We use the pyBigWig package (pip install pyBigWig), which allows the user to carry out operations directly on the bigwig file.

bigwig_path = "GSE209527_Timeseries_ATACseq_NANOG-FKBP_NT.bw"

if not Path(bigwig_path).exists():
    bigwig_source_url = "https://ftp.ncbi.nlm.nih.gov/geo/series/GSE209nnn/GSE209527/suppl/GSE209527%5FTimeseries%5FATACseq%5FNANOG%2DFKBP%5FNT.bw"

    response = requests.get(bigwig_source_url)
    response.raise_for_status()

    with open(bigwig_path, "wb") as file:
        for chunk in response.iter_content(chunk_size=8 * 1024):
            file.write(chunk)

Extract accessibility around TSS#

Now that we have the obtained the accessibility data from the bigwig file, we want to summarise it over the TSS region.

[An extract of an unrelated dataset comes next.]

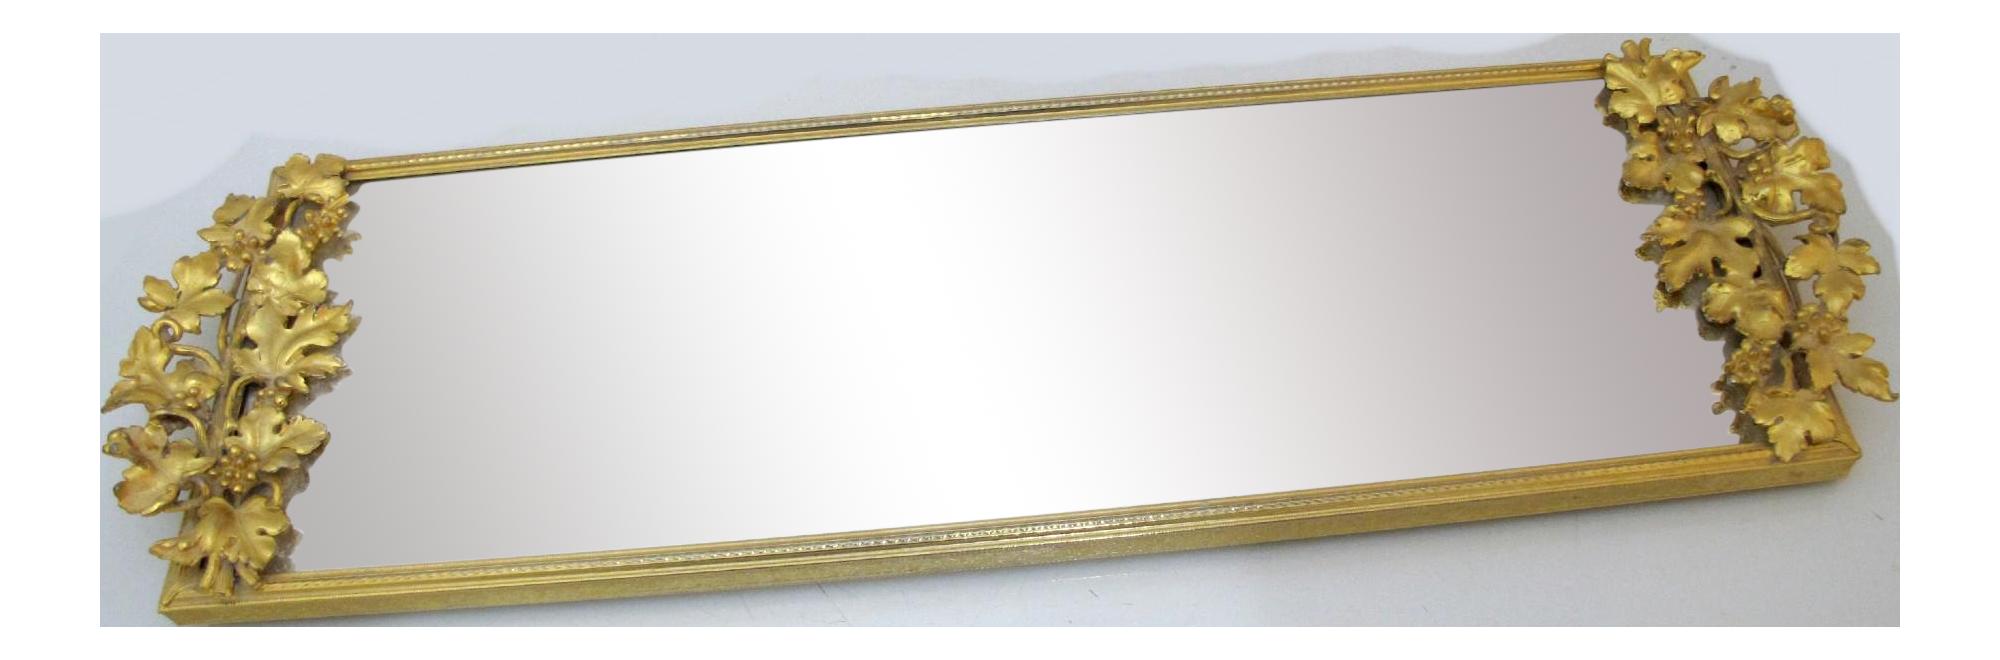 Vintage Gilt Brass Leaves Design Rectangular Vanity Tray Or Wall Mirror Chairish

First, we define a function that takes a chromosome, start, and end position, and uses pyBigWig functionalities to query the relevant region of the bigwig file and return a summary statistic (here, the mean across the region). In our case, the regions we consider are the regions 500bp on each side of the TSS. We use modality to load the TSS region from GENCODE with the function get_tss_region from the annotation module, which will load the genomic ranges corresponding to the region 500bp each side of the TSS.

def get_region_mean_transcription(region, bigwig_path):
    """
    Calculate the region mean transcription using the pyBigWig library.
    """
    contig = f"chr{region.Chromosome}"
    start = region.Start
    end = region.End

    bigwig = pyBigWig.open(bigwig_path)

    positions_mean_transcription = bigwig.values(contig, start, end, numpy=True)

    bigwig.close()

    weighted_mean_transcription = np.mean(positions_mean_transcription)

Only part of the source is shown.